If I had a human soul for every time I’ve come off stage and someone has asked me ‘Are you a witch, a sorcerer or some kind of satanist?’ then I would have a vaulting candlelit New York penthouse apartment draped with carmine velvet, adorned with a golden altar and a bulging black book of names, and I would, in the word’s of Taylor Swift ‘Be laughing up at you from hell’ as I type this. 

‘No no, don’t be so silly’ I always reply ‘I am a Jungian, I’m just a song and dance man…’

I understand why the question arises. All three of my albums have bat squeaked occult themes, and Magick is but one of many healthy fascinations. I write about my life and it’s true I do practise ritual magick and I do read the tarot daily, but I contain multitudes. I have relationships, I fall in love, travel, overthink, overdrink. I fall prey to lusts, rages, and inscrutable emotions. I succumb to deadening fatigues and I experience vertigoes. I have complete strangers liking songs I wrote about my most private feelings. I have total strangers telling me they hate me because of lyrics I wrote one afternoon alone poolside in Palm Springs five years ago. I have my ups and downs. I write about touring. I write about sitting at home on wet Wednesday afternoons listening to Kanye. I write about being in the uneasy spotlight. I write about being miserable. I write about gentlemen’s tailoring and I write about ferocious rows with people close to me.
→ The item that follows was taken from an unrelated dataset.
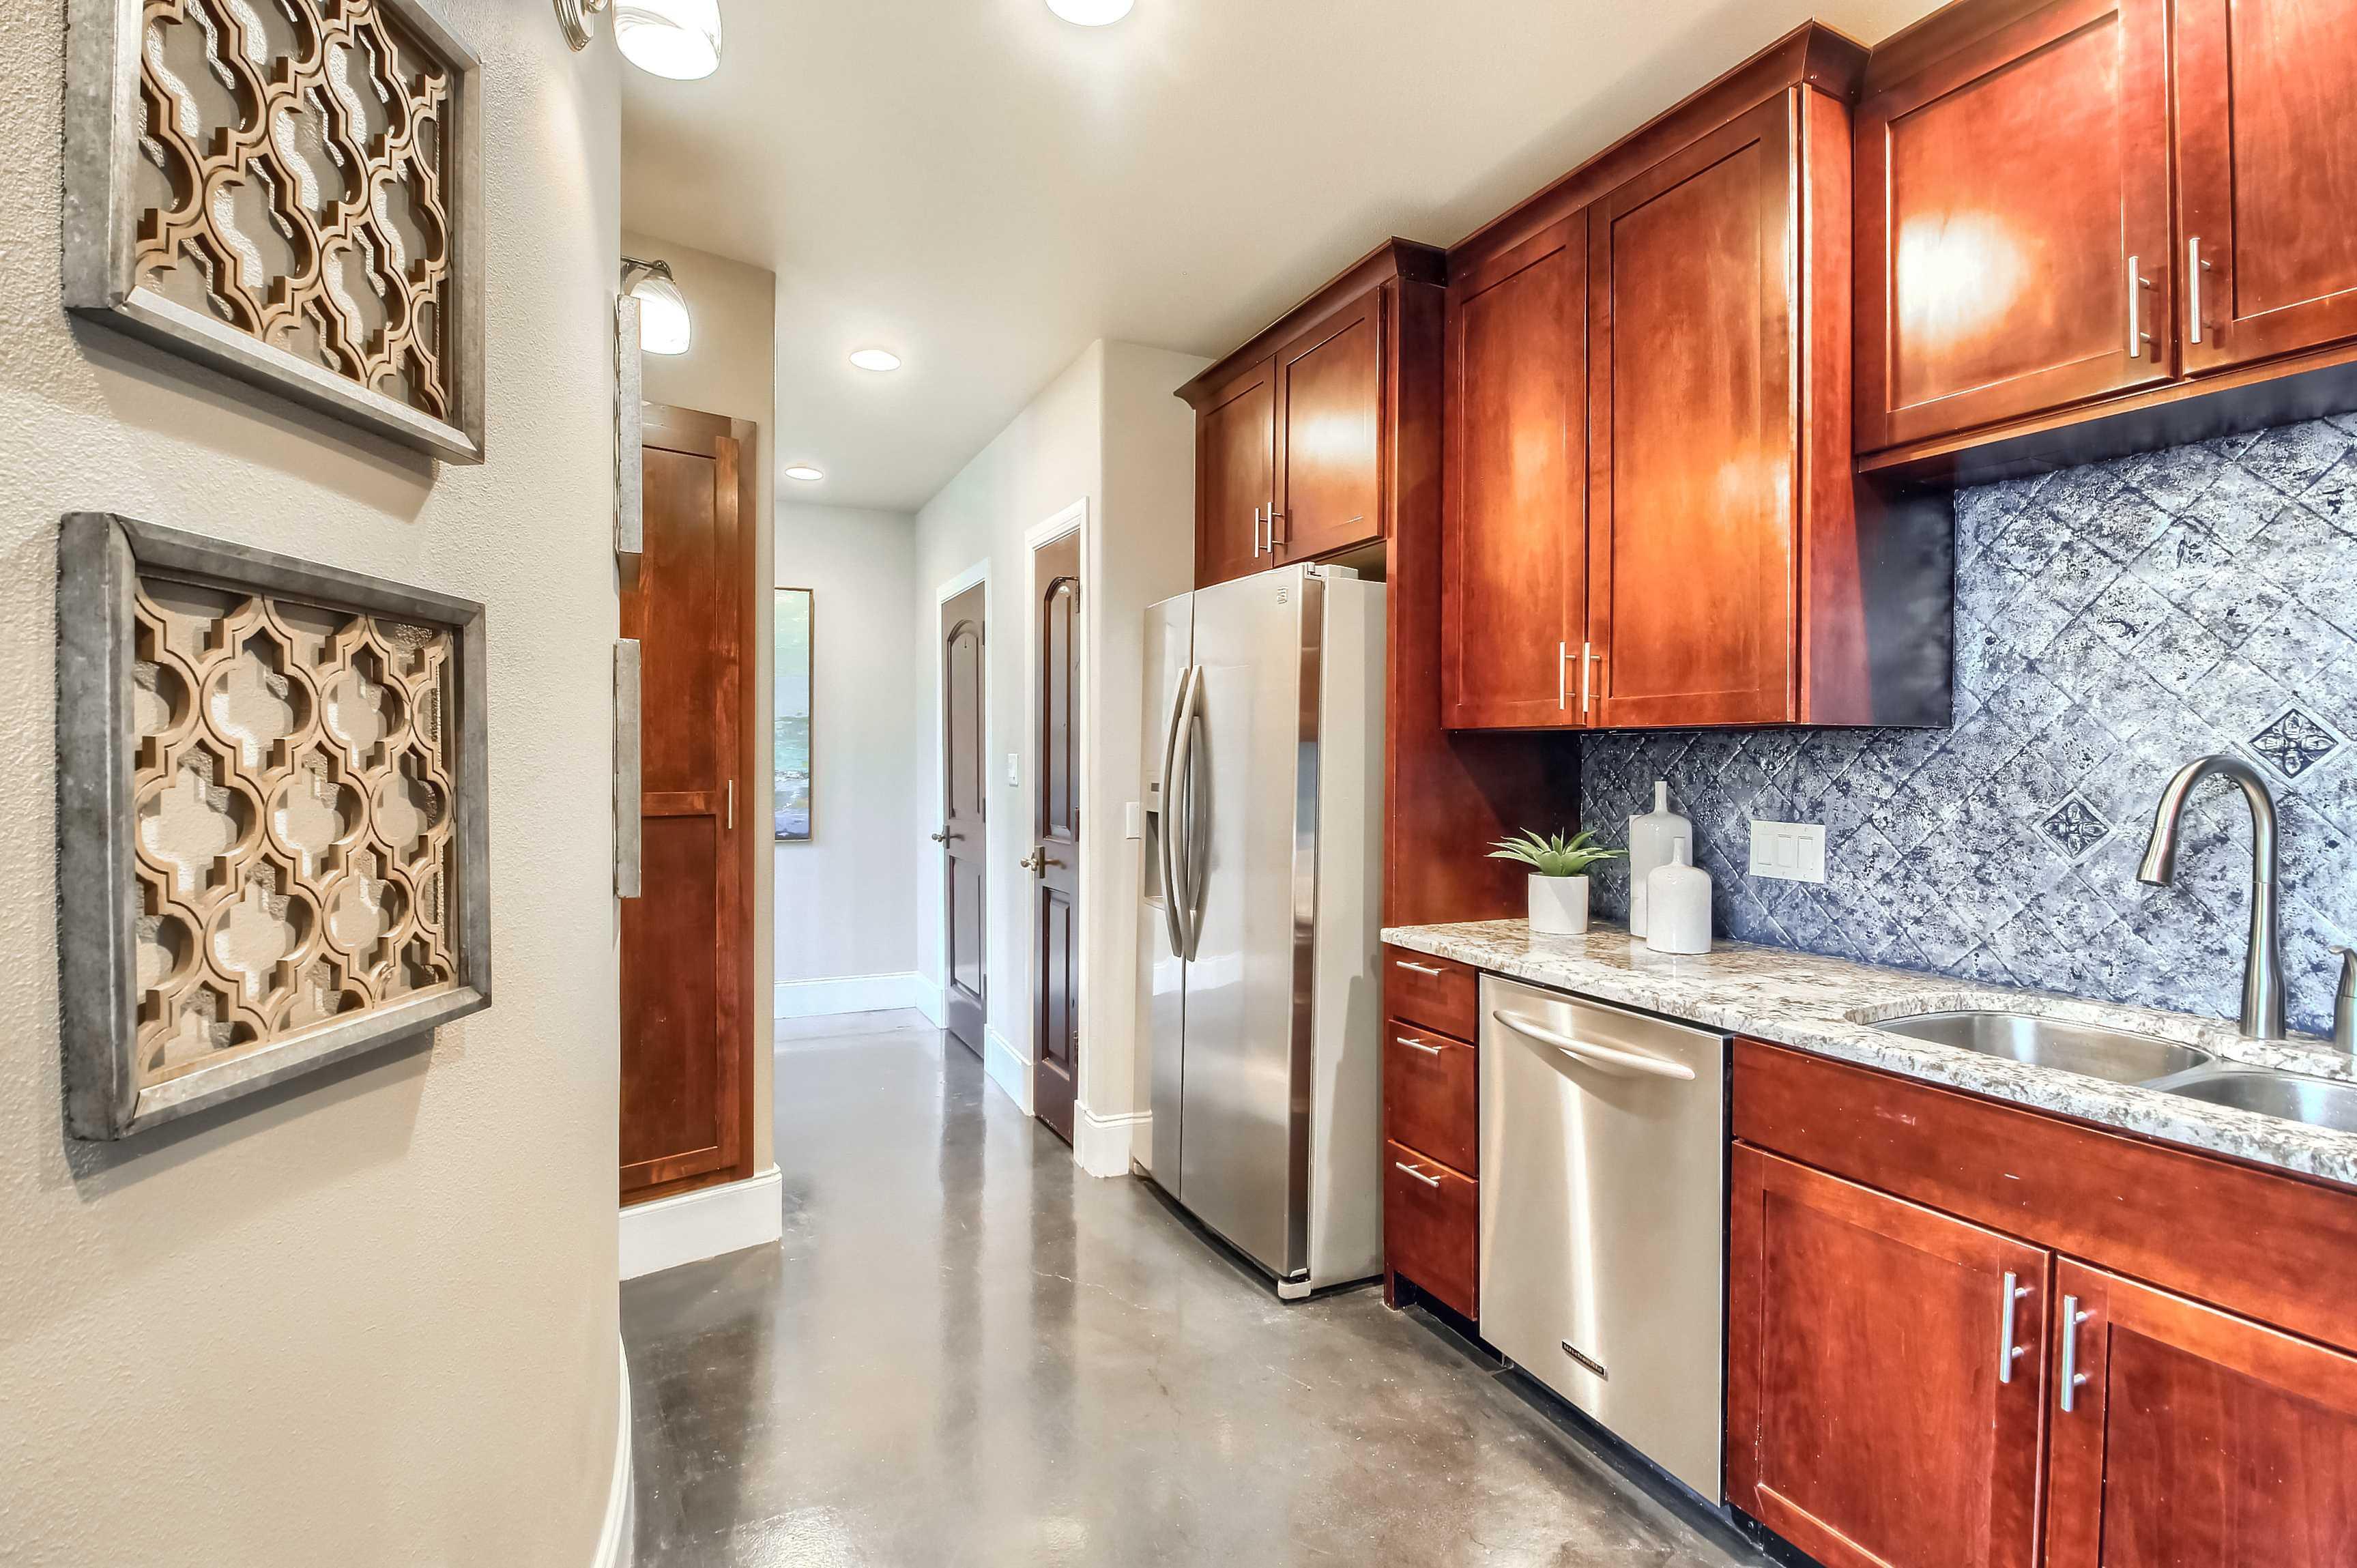 Austin TX condo for sale

I write about Arthur Rimbaud and Caravaggio. I write about fifties playwrights and obscure Norwegian diarists. I write about friends and enemies and tulpic entities I imagine into existence. I write about trying to quit smoking for the nineteenth time. I write about my imaginary friend Count Alucard. I write about regrets, self-belief, hubris and ecstasy. I write about my inner world and magick is just another psychic shard with which I can pierce the fleshy meniscus of numinous existence. The whole knotty and sprawling subject of the occult to me is a handy, psychologically-ornate set of forceps with which to peel away the caul of ennui and peer at what’s really writhing away inside my soul. 
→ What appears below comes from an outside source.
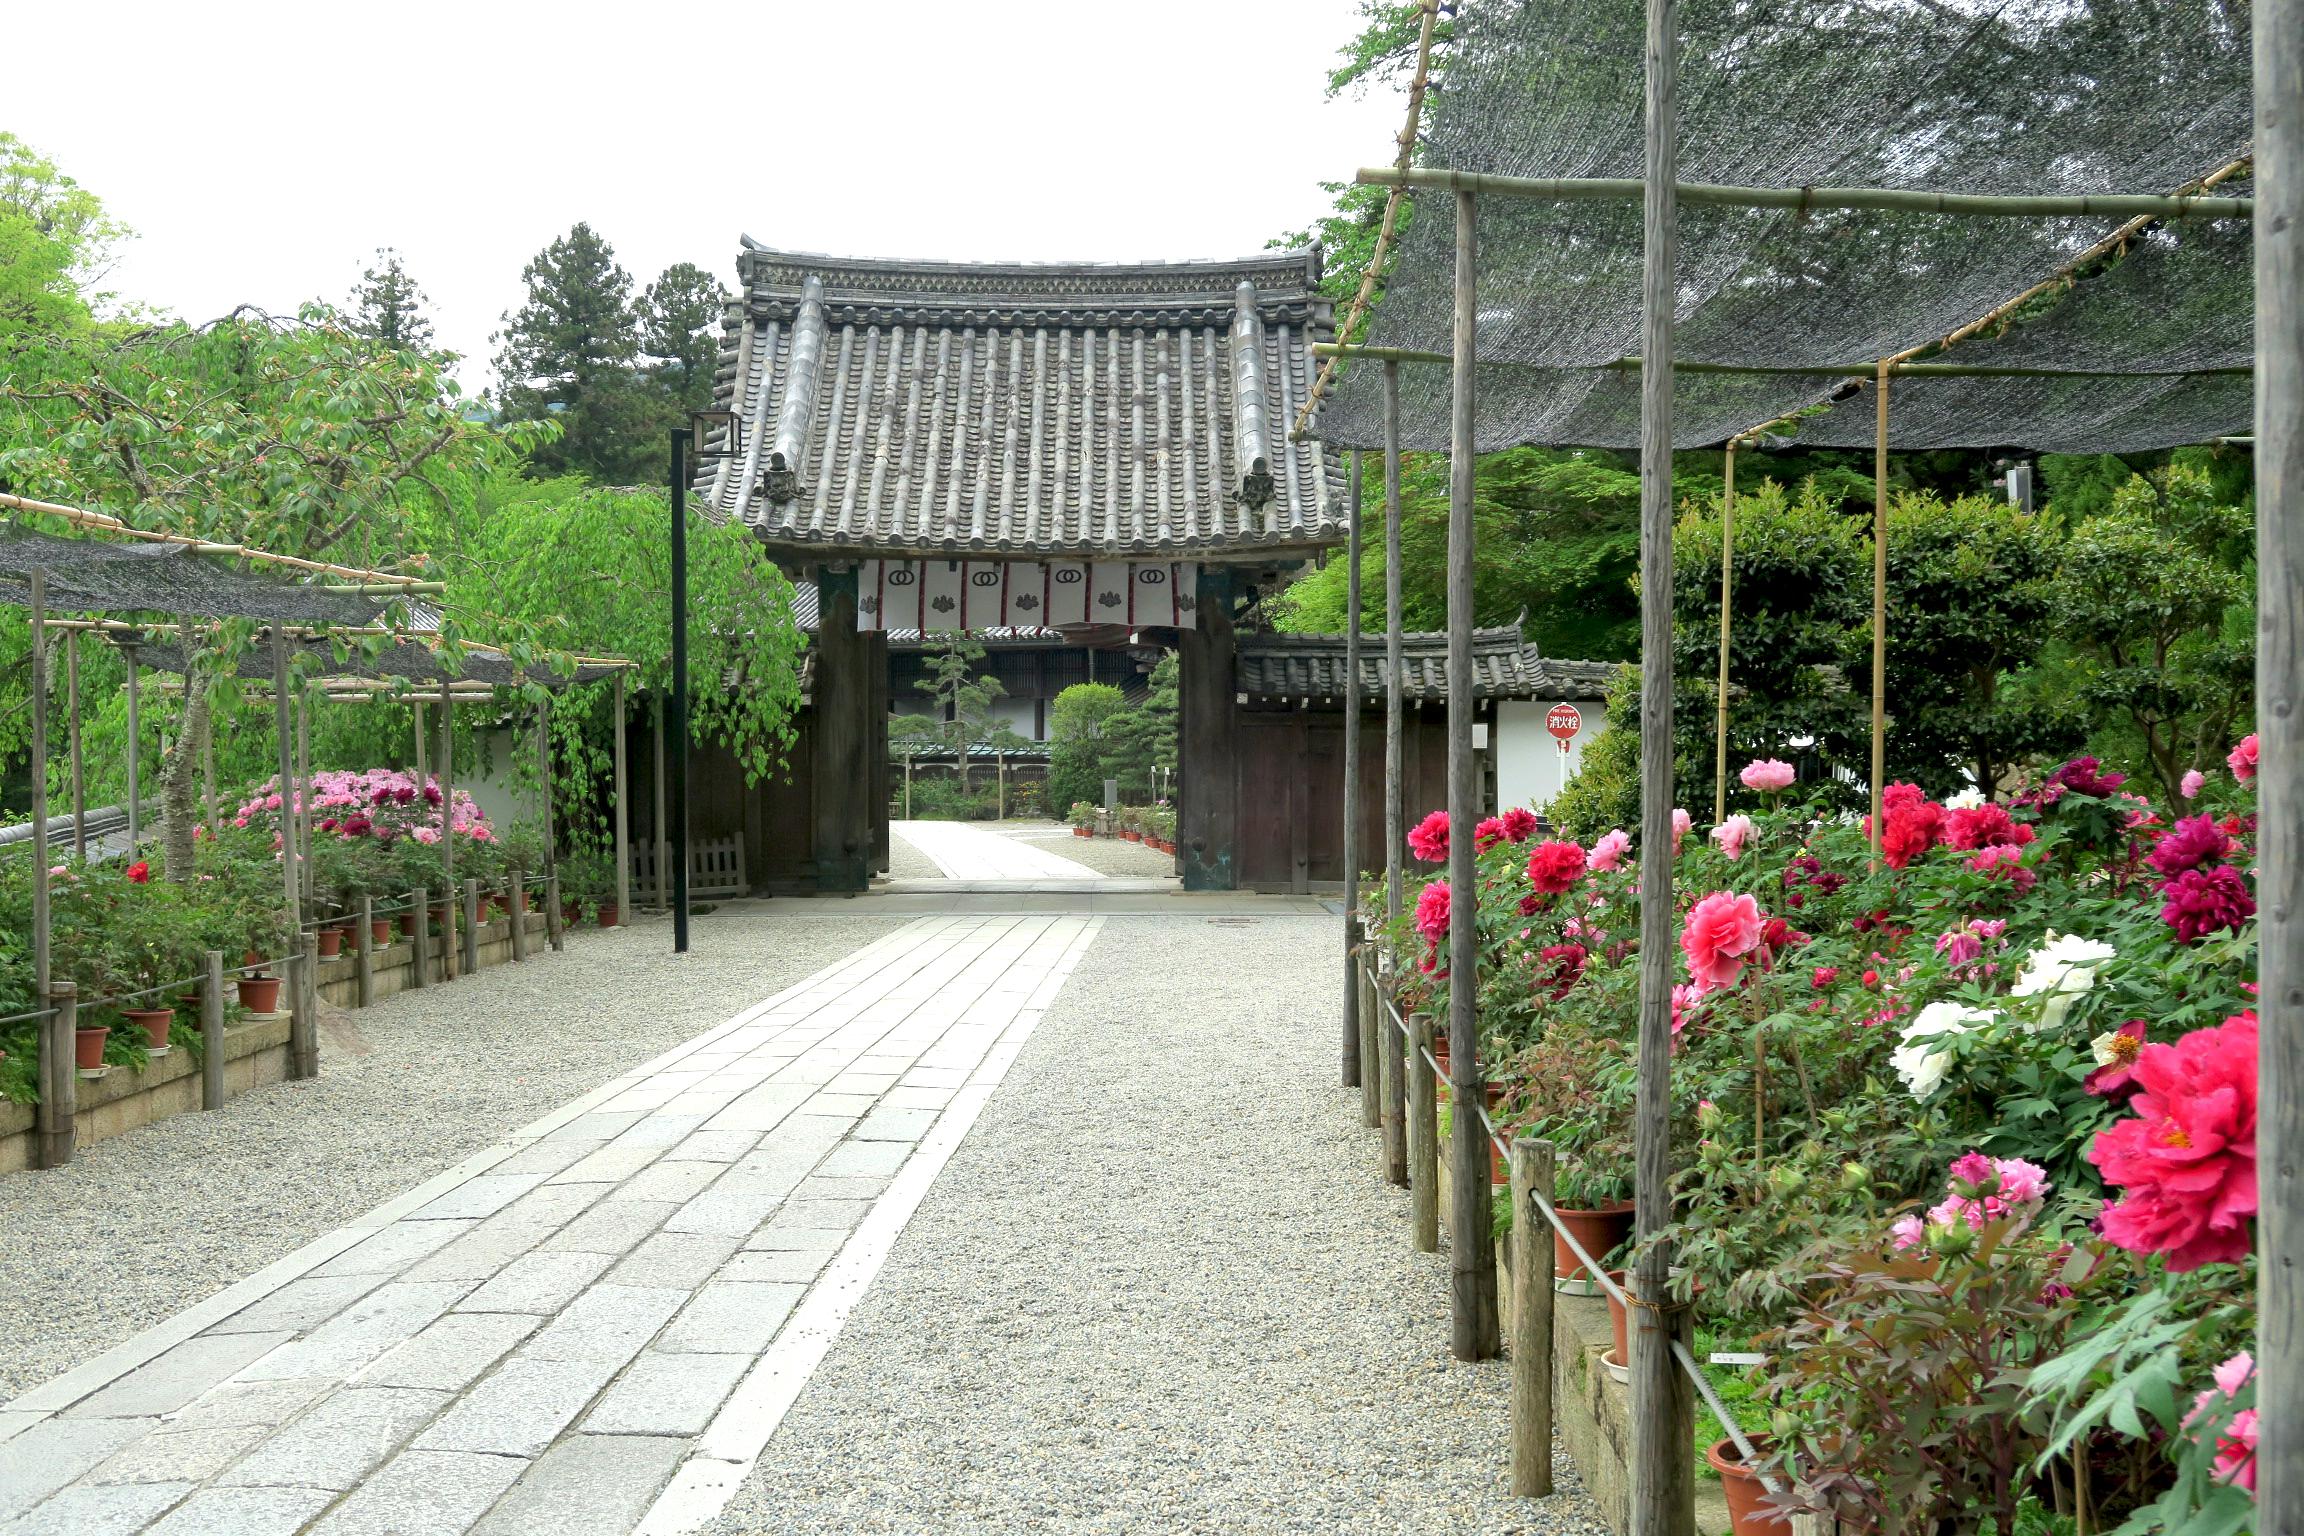 本坊までの参道にも牡丹の花がたくさん咲いています。

My collaborators Alex and Nathan of the Fat White Family soon noticed my occasional reference to more arcane ideas when we began working together in Berlin. The odd arched eyebrow was cast in my direction as I scribbled down lyrics and half-incanted melodies. However they soon grew accustomed to utilising my esoteric stylings as a prism that the work could pass through in order to illuminate an otherwise occluded sonic dimension in the music.          
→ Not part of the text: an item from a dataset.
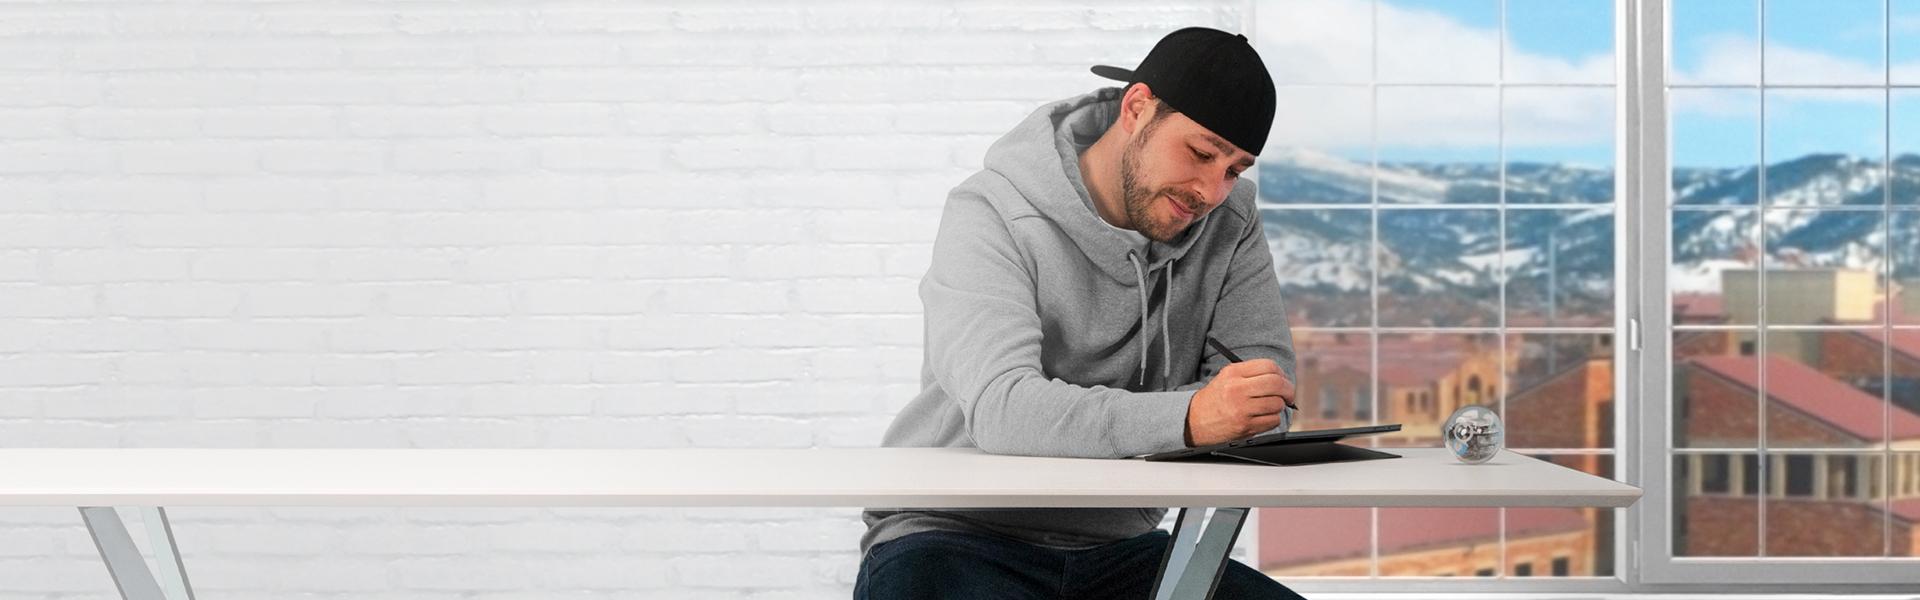 Un hombre sonriendo mientras trabaja con Surface en un escritorio.

As a general rule I am not a fan of music videos. I often feel they damage the song or in some way bastardise the imagery and meaning already woven into the music. On this occasion I did have an idea that I wished to explore. I had in mind to turn the actual music video itself into a kind of ritual. The idea was relatively simple: I would conduct a small group of friends and fellow occultists in an ancient Dionysian ritual at a remote spot, and we would invite a film crew to capture as discreetly as possible the events that unfolded that evening. I imposed strict stipulations on the filming process. The ritual was entirely authentic, and performed in accordance with rigorous attention to magickal detail. The film crew were asked to keep their distance and in no way interfere or interact with us during the working. My intention was to reveal the imaginal world of the song as authentically as possible, but avoid any implied narrative or fictive meaning. As with any art I believe that the artist does well to provide fifty percent of the material and allow the viewer or listener to generate or conjure the other half themselves, in a sense all good art is a collaboration between the artist and the person experiencing it. 

Hence I think I may well have said enough on the subject already, there are some things of which we simply cannot speak. What was it that Wittgenstein said, ‘Whereof we cannot Speak, thereof we must remain silent’…? Yes, yes I think it’s best for everyone involved if I leave it there. Anyway, I am writing this by the Port of Marseille in Provence, and a rare antique bookshop closes in an hour and I really must get there in time to purchase a particularly hard to find volume of ancient and forgotten Lore. 

Enjoy the video, enjoy the music, yes, yes enjoy.